Even the mad bedlam of Cairo roads, what my mother describes as “traffic and insane driving conditions,” was a source of fascination, though my mother did confess to spending a lot of time worrying about pedestrians. (See above).

With these disclaimers out of the way, however, the experience that week has also made it clear to me that Egypt has a long way to go before it is likely to see tourist arrivals pick up again.

The weeks preceding my parents’ visit were marred by violence. The trip had been discussed for months, but we got down to planning the details just as things got really crazy. On January 24, four bombs went off in Cairo, one just blocks away from my apartment. The next day saw the third anniversary of the revolution grimly commemorated with street clashes that led to tens of deaths. That was also the day my parents booked their tickets.

Then, on February 16, a tourist bus was bombed in Taba, killing three Korean tourists and their driver.
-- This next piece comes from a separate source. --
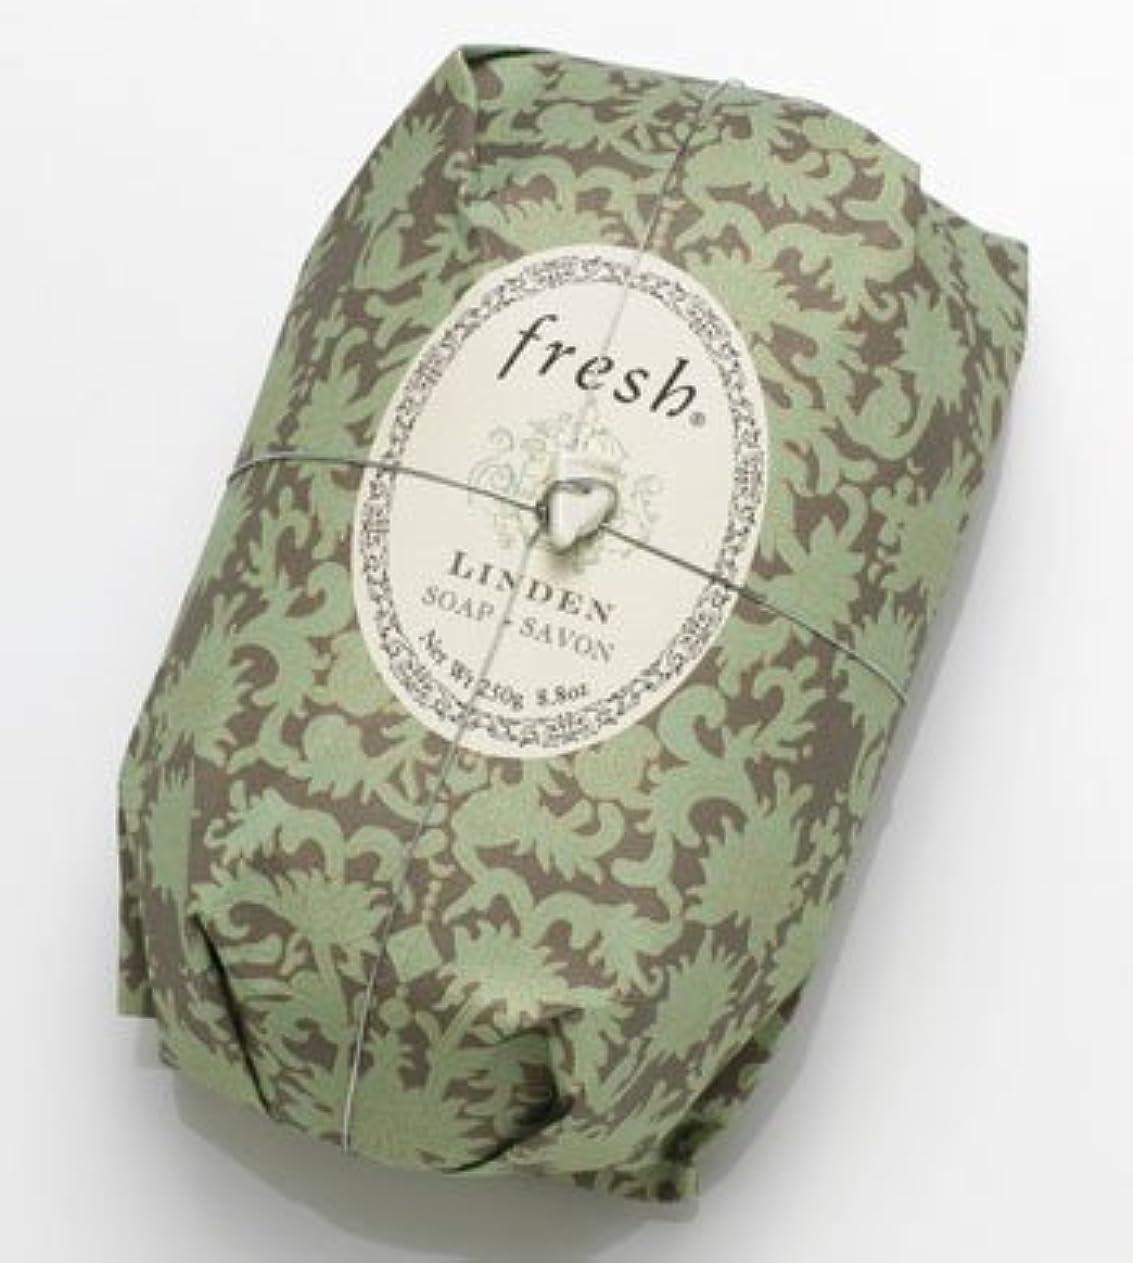 お風呂フィルタシマウマFresh LINDEN SOAP (フレッシュ リンデン ソープ) 8.8 oz (250g) Soap (石鹸) by Fresh
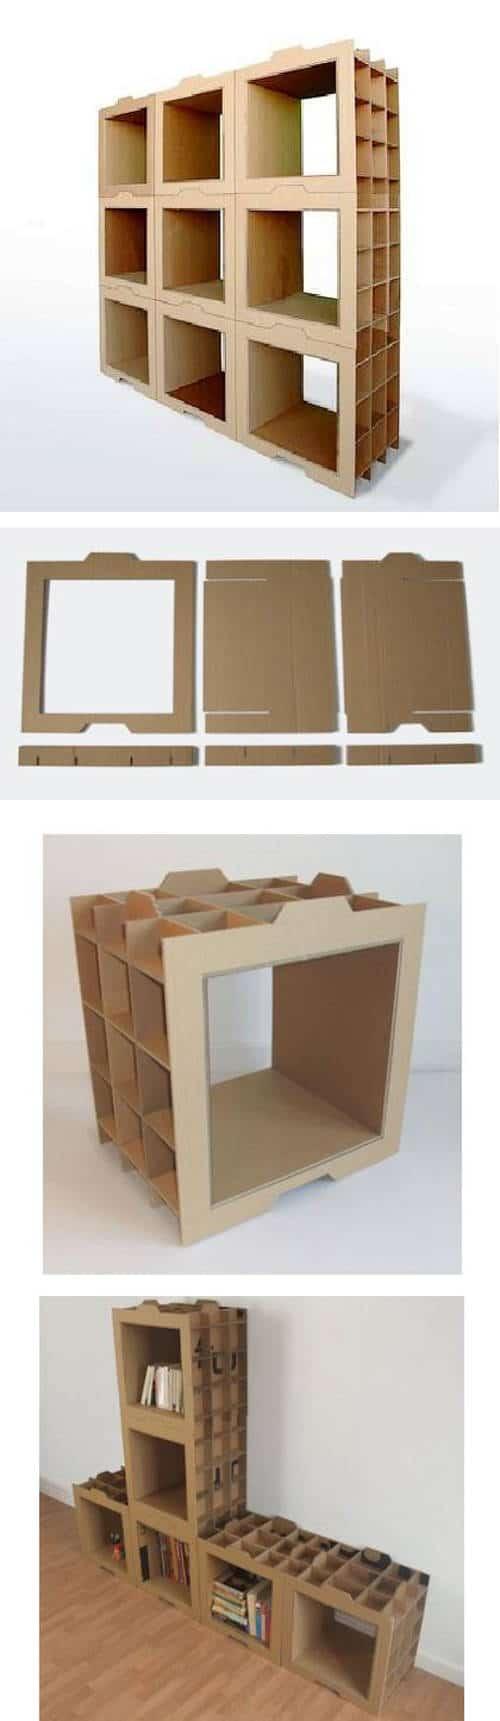 Muebles modulares de cartón

Then, a Twitter account that claimed to represent the group behind the Taba bombing — quickly identified as spurious — threatened that any foreigners in Egypt would be in danger after February 20. My parents were scheduled to arrive on February 27.

To my surprise, my parents seemed mostly unfazed by the news, but that wasn’t the case for their friends in the United States. “People were concerned, really concerned. People said ‘is it safe?’” recalled my father. “People just chimed in with warnings and surprise,” added my mother.

Even without the question of personal safety, many of my parents’ acquaintances questioned the ethics of coming to Egypt at this time. “Everybody assumes that it’s not a democracy, and that it’s being taken over by military thuggery,” said my father. “There’s a question of, are you supporting the regime by coming to Egypt right now. And I don’t want to be supporting the regime.”

Another factor weighing on their minds was the xenophobic, anti-American propaganda that has been rampant in pro-regime media since June 30 — for example, the televised speculation by prominent journalist Mostafa Bakry that an American plot to assassinate Defense Minister Field Marshal Abdel Fattah al-Sisi would lead Egyptians to rise up and kill Americans in the streets.

“It’s not comfortable to feel that the government is trying to persuade people to view me as the enemy,” my father said. As the parents of a foreign journalist working in Egypt, they are also naturally concerned with the security crackdown on foreign media.

“If it weren’t for you, I wouldn’t go to Egypt with the current regime. It’s like endorsing what’s going on, and I don’t want to support it,” my father told me.

But, proving that some people are still crazy enough to come here, or at least that parental love overwhelms logic and scruples, they proceeded with the trip.

Along with traffic, one of the things that struck them the most upon arrival was the heavy militarization of the country, from tanks and barbed wire on the streets of Cairo to armed soldiers outside tourist attractions. “For us, as Americans, it’s a shock to see army presence on the streets. We’re used to police, but not to that,” my mother said. “I didn’t feel safe with them there, and I didn’t feel unsafe.”

More unnerving, said my father, were the plain-clothed police wielding heavy weaponry. “There’s a constant presence of all these guys with submachine guns, who appear out of nowhere and you don’t know who’s in charge,” he said. With tiny numbers of foreign tourists and huge numbers of police and soldiers, my father said he often felt simply outnumbered.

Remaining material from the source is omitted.